[ACTIVITY]
Exact copies of the records below are required.

[[ EXTRACTED RECORDS, beginning ]]

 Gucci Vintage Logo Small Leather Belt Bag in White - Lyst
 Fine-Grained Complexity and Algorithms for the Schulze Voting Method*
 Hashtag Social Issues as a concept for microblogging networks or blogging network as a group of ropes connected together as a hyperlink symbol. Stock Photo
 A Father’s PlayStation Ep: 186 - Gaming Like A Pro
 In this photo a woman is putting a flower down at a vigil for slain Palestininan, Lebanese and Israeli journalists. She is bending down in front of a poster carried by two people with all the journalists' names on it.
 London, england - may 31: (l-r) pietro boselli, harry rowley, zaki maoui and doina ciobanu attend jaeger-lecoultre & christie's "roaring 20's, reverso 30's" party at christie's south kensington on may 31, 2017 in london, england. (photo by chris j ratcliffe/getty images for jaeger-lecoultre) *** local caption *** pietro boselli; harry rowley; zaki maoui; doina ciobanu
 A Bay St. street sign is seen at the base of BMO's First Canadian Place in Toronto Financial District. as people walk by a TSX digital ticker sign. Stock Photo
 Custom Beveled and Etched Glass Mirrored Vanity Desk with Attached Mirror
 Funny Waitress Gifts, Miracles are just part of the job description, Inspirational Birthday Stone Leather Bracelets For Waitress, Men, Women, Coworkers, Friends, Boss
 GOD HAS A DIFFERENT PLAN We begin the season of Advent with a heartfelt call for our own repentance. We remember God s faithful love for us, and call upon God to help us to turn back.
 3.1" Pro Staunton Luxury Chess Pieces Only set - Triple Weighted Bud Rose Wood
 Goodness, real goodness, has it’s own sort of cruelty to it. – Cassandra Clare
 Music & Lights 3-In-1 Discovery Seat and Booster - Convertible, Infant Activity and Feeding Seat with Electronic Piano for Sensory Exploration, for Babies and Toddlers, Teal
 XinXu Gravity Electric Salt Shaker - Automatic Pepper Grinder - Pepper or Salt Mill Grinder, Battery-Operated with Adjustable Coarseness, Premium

[[ EXTRACTED RECORDS, end ]]

[EXPECTED ANSWER]
 Gucci Vintage Logo Small Leather Belt Bag in White - Lyst
 Fine-Grained Complexity and Algorithms for the Schulze Voting Method*
 Hashtag Social Issues as a concept for microblogging networks or blogging network as a group of ropes connected together as a hyperlink symbol. Stock Photo
 A Father’s PlayStation Ep: 186 - Gaming Like A Pro
 In this photo a woman is putting a flower down at a vigil for slain Palestininan, Lebanese and Israeli journalists. She is bending down in front of a poster carried by two people with all the journalists' names on it.
 London, england - may 31: (l-r) pietro boselli, harry rowley, zaki maoui and doina ciobanu attend jaeger-lecoultre & christie's "roaring 20's, reverso 30's" party at christie's south kensington on may 31, 2017 in london, england. (photo by chris j ratcliffe/getty images for jaeger-lecoultre) *** local caption *** pietro boselli; harry rowley; zaki maoui; doina ciobanu
 A Bay St. street sign is seen at the base of BMO's First Canadian Place in Toronto Financial District. as people walk by a TSX digital ticker sign. Stock Photo
 Custom Beveled and Etched Glass Mirrored Vanity Desk with Attached Mirror
 Funny Waitress Gifts, Miracles are just part of the job description, Inspirational Birthday Stone Leather Bracelets For Waitress, Men, Women, Coworkers, Friends, Boss
 GOD HAS A DIFFERENT PLAN We begin the season of Advent with a heartfelt call for our own repentance. We remember God s faithful love for us, and call upon God to help us to turn back.
 3.1" Pro Staunton Luxury Chess Pieces Only set - Triple Weighted Bud Rose Wood
 Goodness, real goodness, has it’s own sort of cruelty to it. – Cassandra Clare
 Music & Lights 3-In-1 Discovery Seat and Booster - Convertible, Infant Activity and Feeding Seat with Electronic Piano for Sensory Exploration, for Babies and Toddlers, Teal
 XinXu Gravity Electric Salt Shaker - Automatic Pepper Grinder - Pepper or Salt Mill Grinder, Battery-Operated with Adjustable Coarseness, Premium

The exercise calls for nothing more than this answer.